Information provided
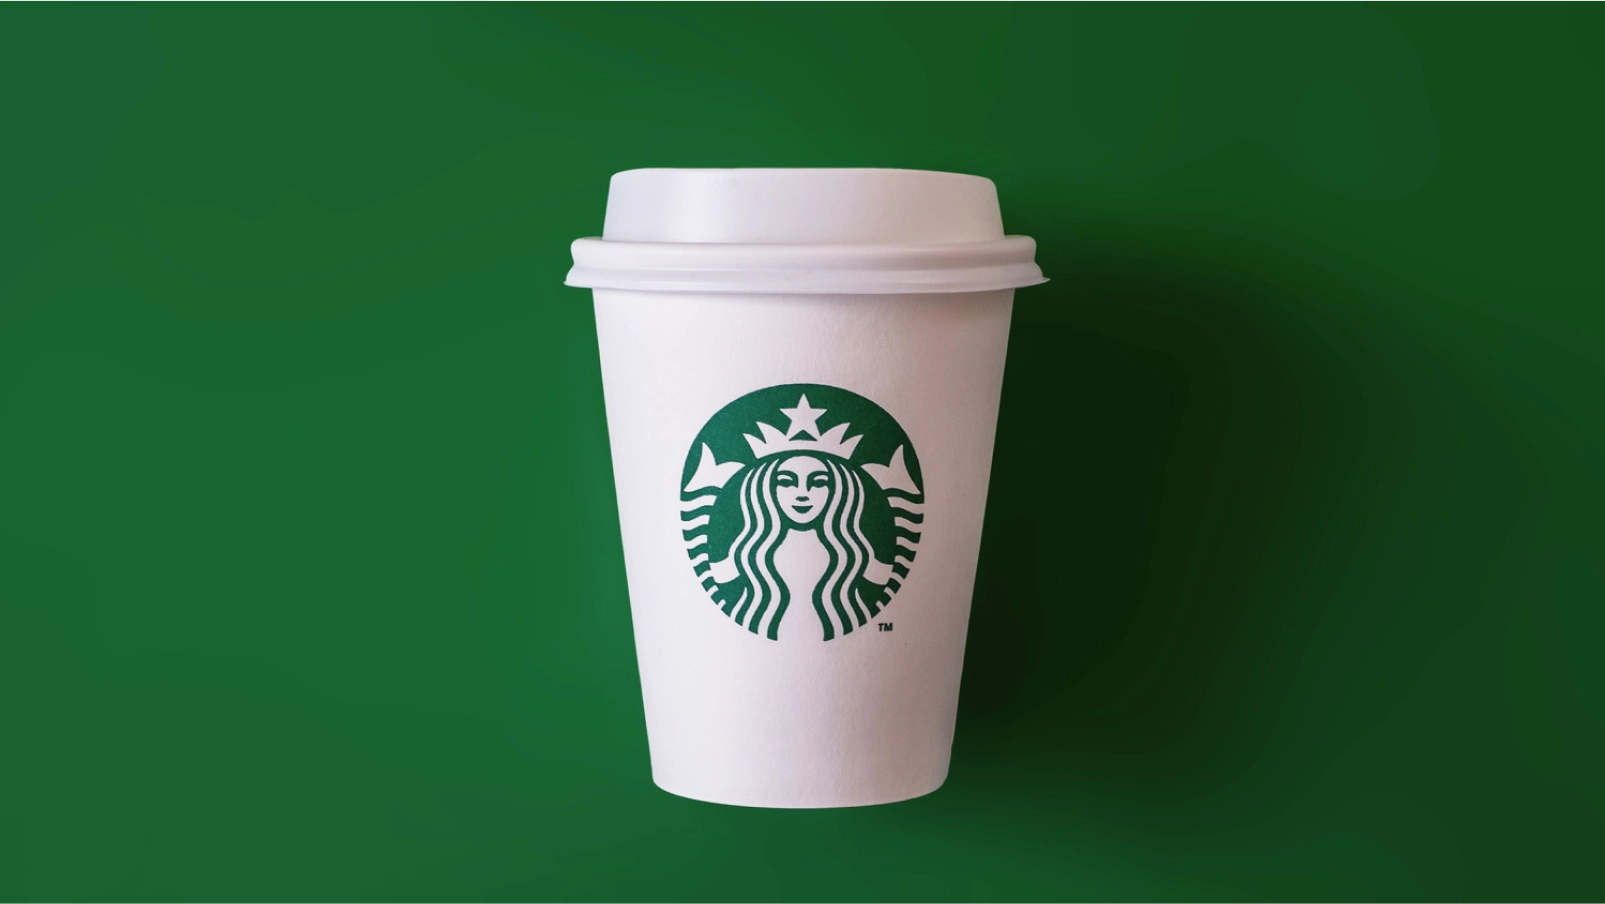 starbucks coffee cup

...

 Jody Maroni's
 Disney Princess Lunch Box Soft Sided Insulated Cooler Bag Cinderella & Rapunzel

* * *

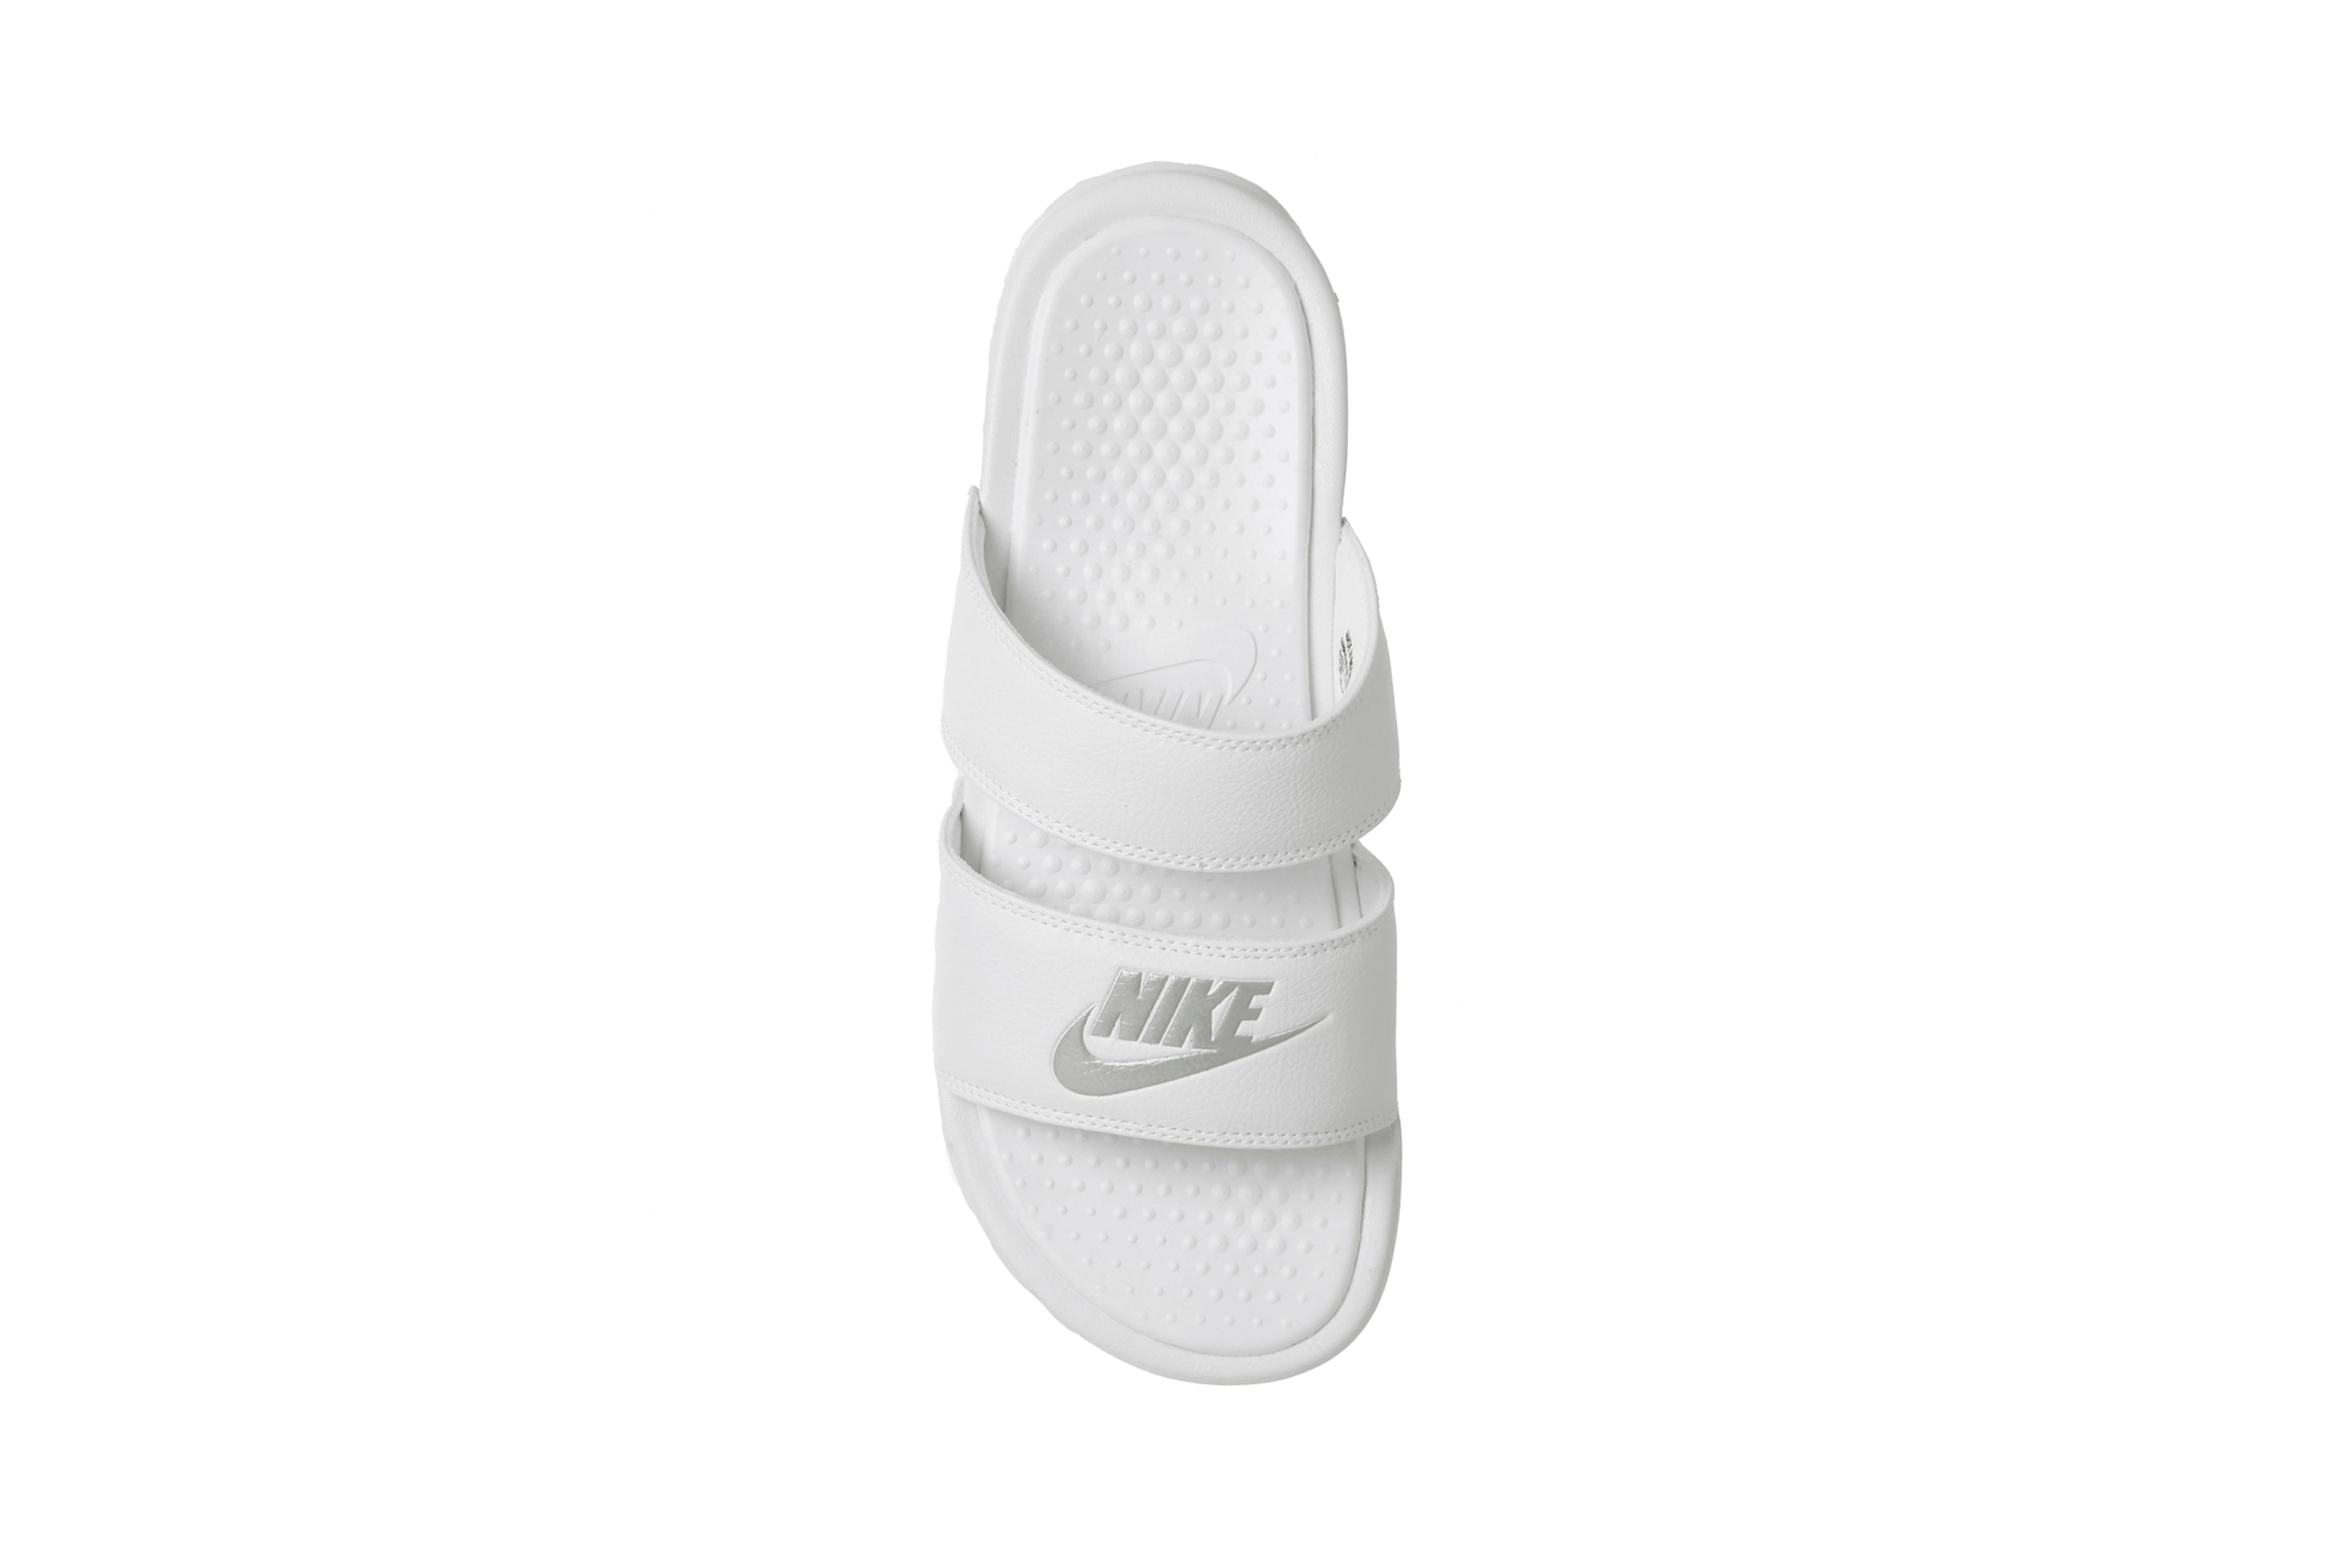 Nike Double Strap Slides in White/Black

Directions
Your answer should be the lines above from the one containing "Jody Maroni's" through the one containing "Disney Princess Lunch", copied exactly and with both ends kept.

Task solution
 Jody Maroni's
 Disney Princess Lunch Box Soft Sided Insulated Cooler Bag Cinderella & Rapunzel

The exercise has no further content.